A aviação sub-regional, resultado de um acordo firmado entre os seis países do Cone Sul, vai permitir maior número de rotas e frequências, além de reduzir o custo da tarifa e tempo de vôo. A diferença entre o sistema sub-regional e o sistema convencional é que a legislação do primeiro é mais flexível. Isso permite que empresas menores possam operar com custo mais baixo e em mercados que não interessem às grandes empresas.
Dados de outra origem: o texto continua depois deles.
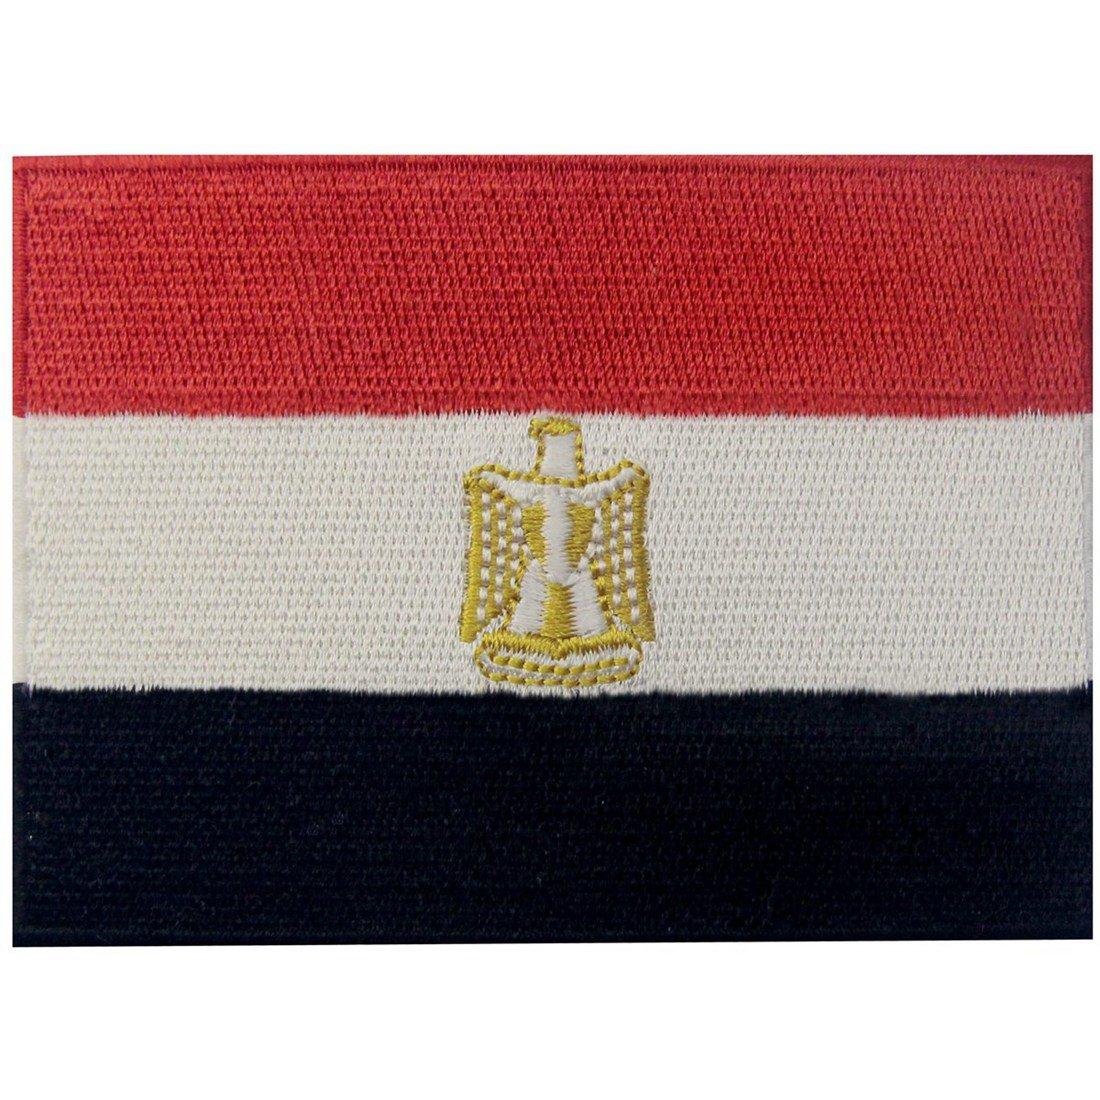 Bandiera dell'Egitto Termoadesiva Cucibile Ricamata Arabo Egiziano Nazionale Toppa EmbTao

A aviação sub-regional vai permitir, por exemplo, que o turista pegue um avião em Salta (cidade no norte da Argentina) com destino a Porto Alegre, sem escala.
Hoje isso não é impossível. O passageiro tem que ir até Buenos Aires para pegar um avião com destino a Porto Alegre e é obrigado a fazer escala em São Paulo ou Curitiba. Com a aviação sub-regional, o percurso Salta-Porto Alegre poderia ser feito em uma hora e meia.
A legislação da aviação sub-regional concede às empresas mais liberdade para estabelecer rotas e frequências do que a do sistema convencional, entretanto existem limitações.
Não é admitido ultrapassar os limites territoriais dos seis países e não pode haver superposição de rotas sub-regionais com os segmentos operados pelas empresas da aviação tradicional. Além disso, não é admitido o direito à cabotagem.